I agree that readiness of the organisation and commitment of the management is key for successful innovation!

And I agree that regarding innovation, the OSI 7+ layers (OSI layer 8 = commercial layer; OSI layer 9 = business model layer) are more and more important.

Valueable innovation can only happen if innovators take the customers perspective - i.e. customer/user experience is key for successful innovation, too (and that's the main reason for the success of Apple).

So we are comming to the question "What are valuable innovations from the customers perspective?"  - (recommended reading: innovationarsenal.pbworks.com/.../HBR_Value%20Innovation.PDF)

Another aspect regarding competition is "where" to innovate: in the red ocean - or the blue ocean - i.e. are we targeting to distract customers from the competition or are we targeting to attract customers from "outside" the respective market.

In emerging market like mobile internet  the latter one seem to be the better idea.

An excellent book, worth for being read during vacation is "The blue ocean strategy" www.amazon.com/.../ref=sr_1_1

Stephen, enjoy you holiday!

Best wishes,

Dirk

bing huang wrote re: Worst Competition in New Business Models
on 06-26-2010 11:27 PM

very good blog

Amitabh Tripathi wrote re: Worst Competition in New Business Models
on 07-01-2010 5:41 AM

Interesting article!!

Rohit Raghav wrote re: Worst Competition in New Business Models
on 07-14-2010 6:20 AM

Nice blog, Stephen.

Telcos being slower, in general, to innovate brings into context the organizational DNA. Businesses thinking of layer 7+ are smaller (at least to start with), nimble-footed ones with great growth stories in last decade or so.
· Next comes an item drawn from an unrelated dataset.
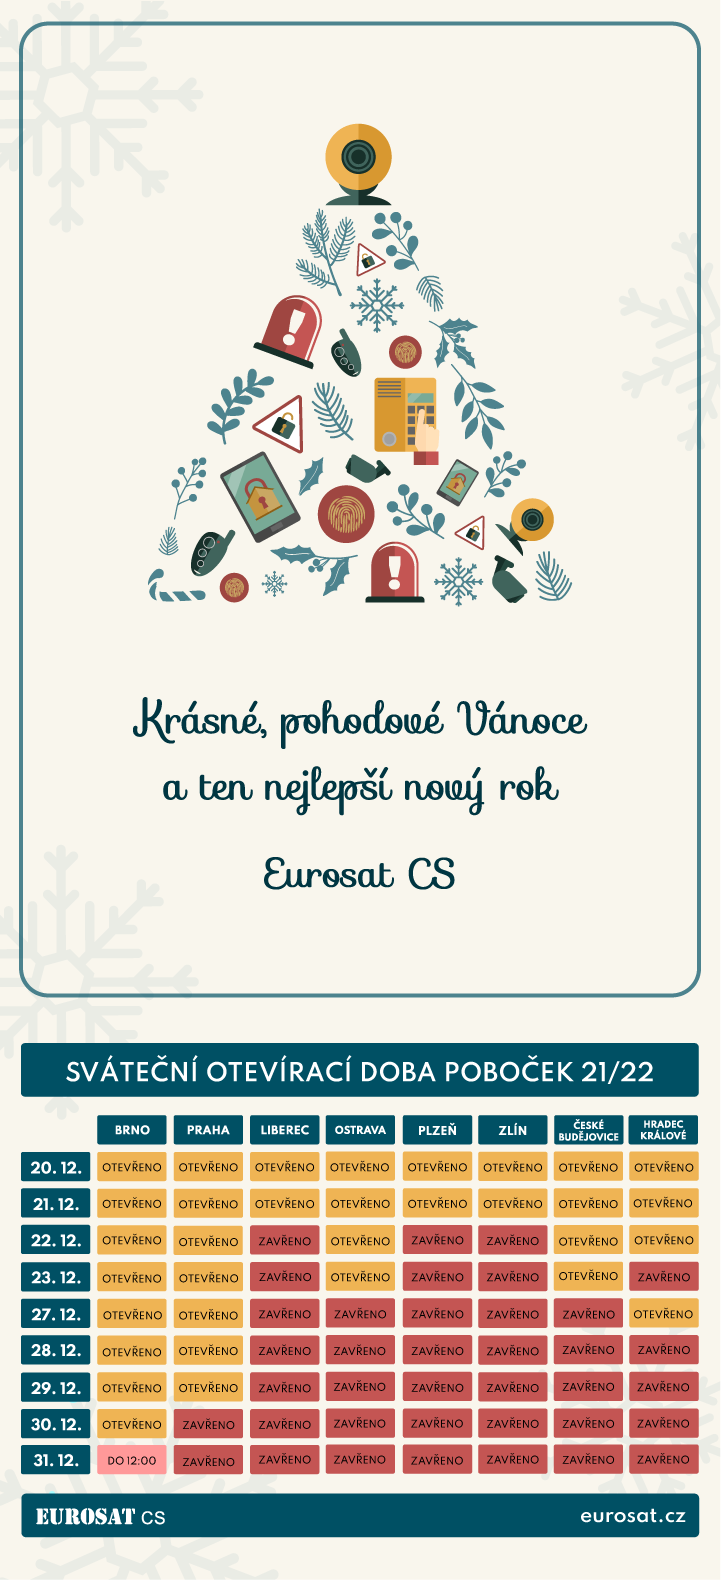 PF 2022 česká republika sváteční otevírací doba poboček Eurosat CS

These are organization structured to compete in era of focusing on core competency and have business models that use collaborative, and maybe open, innovation eco-systems rather than internalized innovation process. As Dirk mentioned that innovation is in the eyes of customer, innovation without multiple players focusing on their part of value chain leads to good products/solutions with lower than expected acceptance and thus innovation failure. Forces for organizational rigidity can rise due to age or with success (both applicable to CSPs) and CSPs get fixated on current businesses - thus preferring exploitation over exploration. To make CSPs collaborate with various stakeholders is, probably, one of the most important contribution of TMForum.